# Task requirements
The full set of lines below has to be duplicated exactly, with no picture kept.

*** Information shown ***

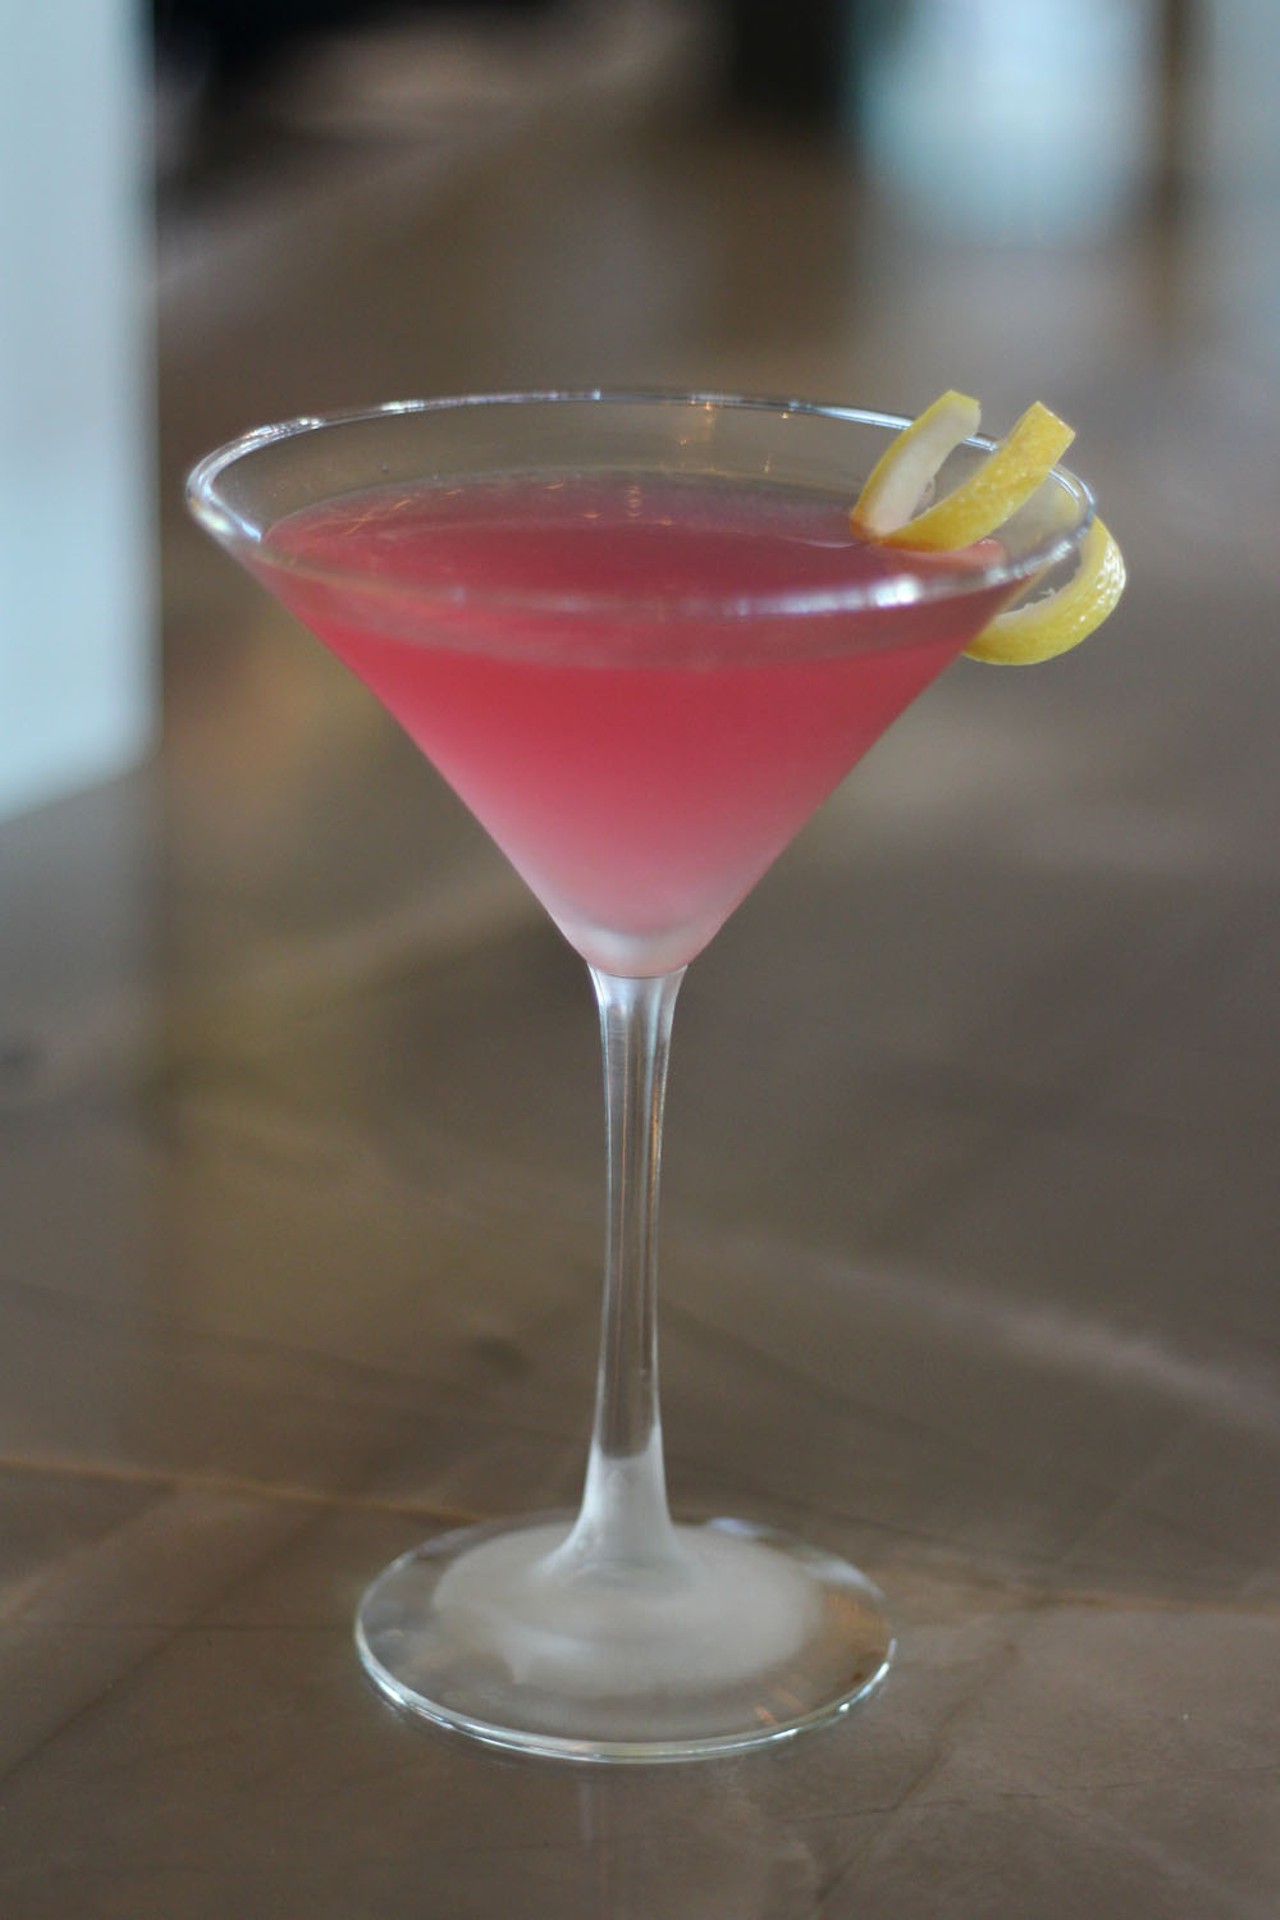 Pink martini
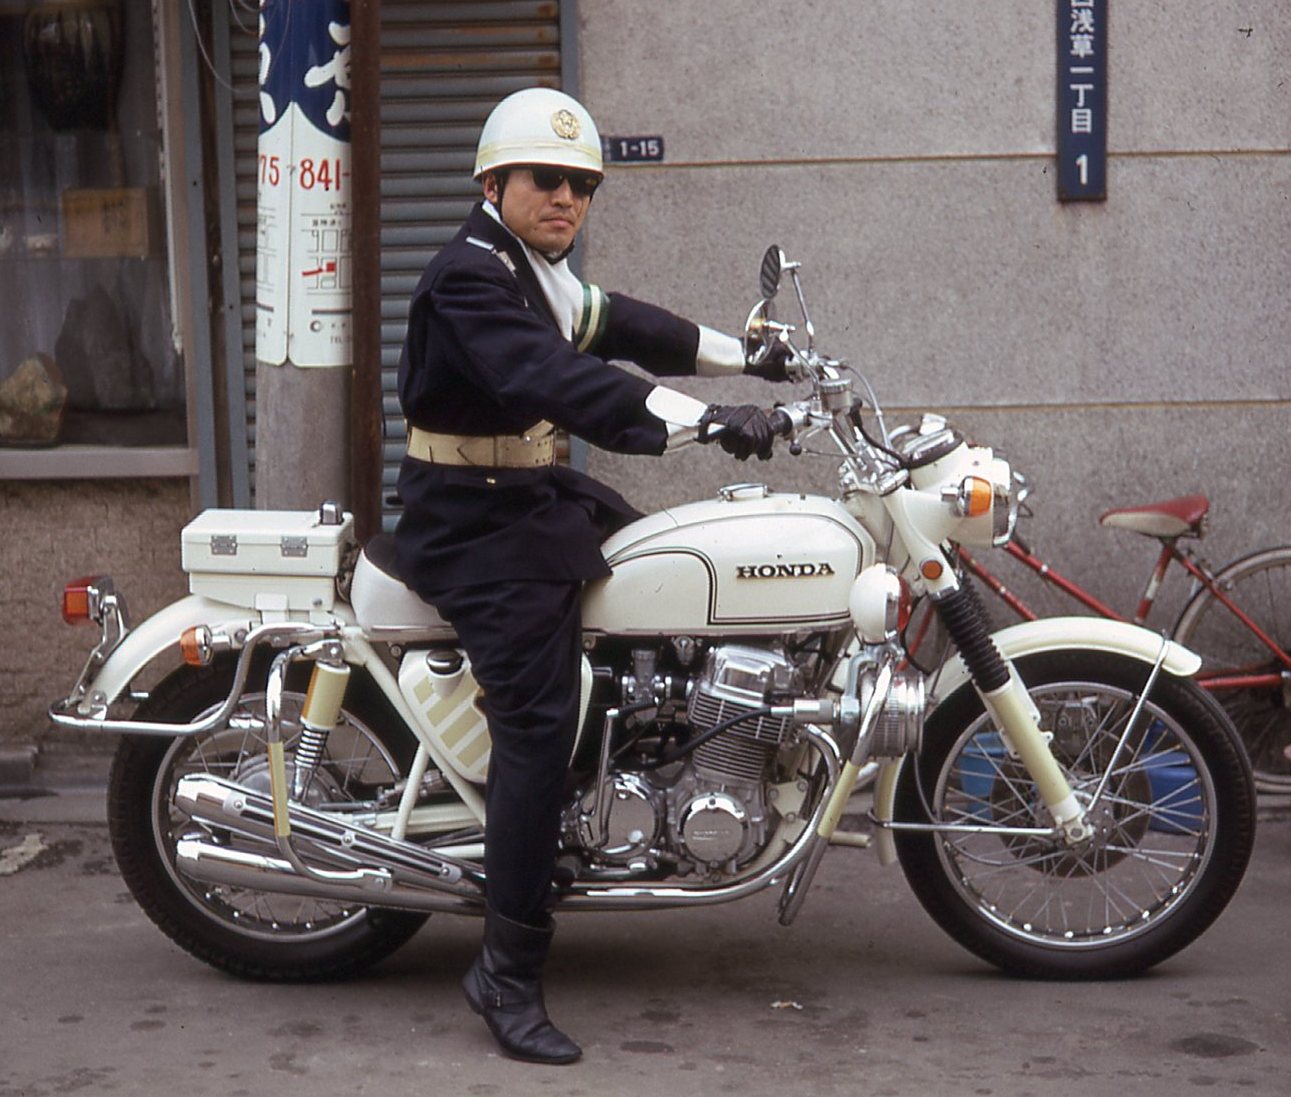 海外の反応 1970年に撮影された日本の白バイ隊員がカッコいい 海外ピーポー
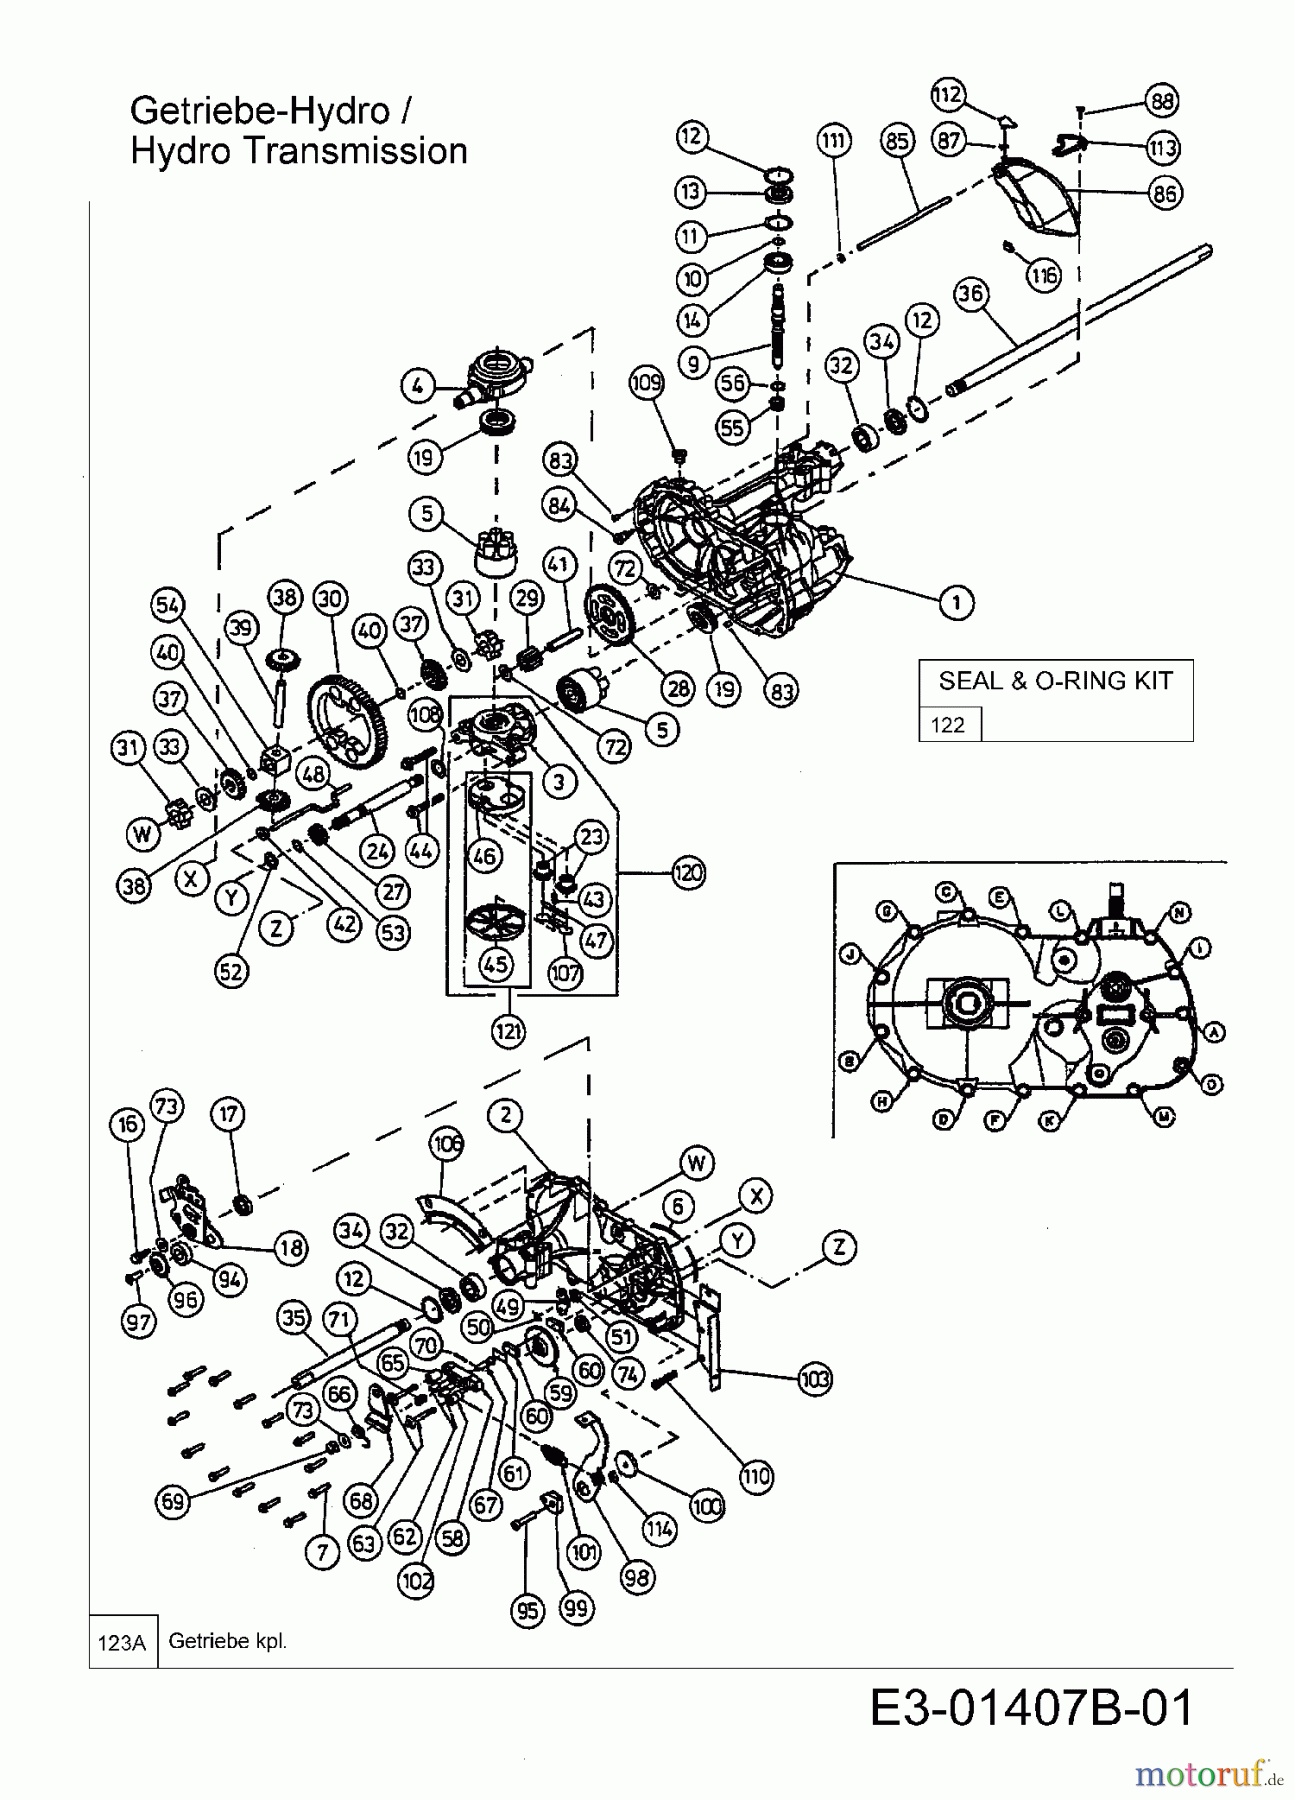  Yard-Man Lawn tractors HG 5180 13BT514G643  (2003) Hydrostatic gearbox

*** End of Information shown ***

# Solved exercise
 Pink martini
 海外の反応 1970年に撮影された日本の白バイ隊員がカッコいい 海外ピーポー
  Yard-Man Lawn tractors HG 5180 13BT514G643  (2003) Hydrostatic gearbox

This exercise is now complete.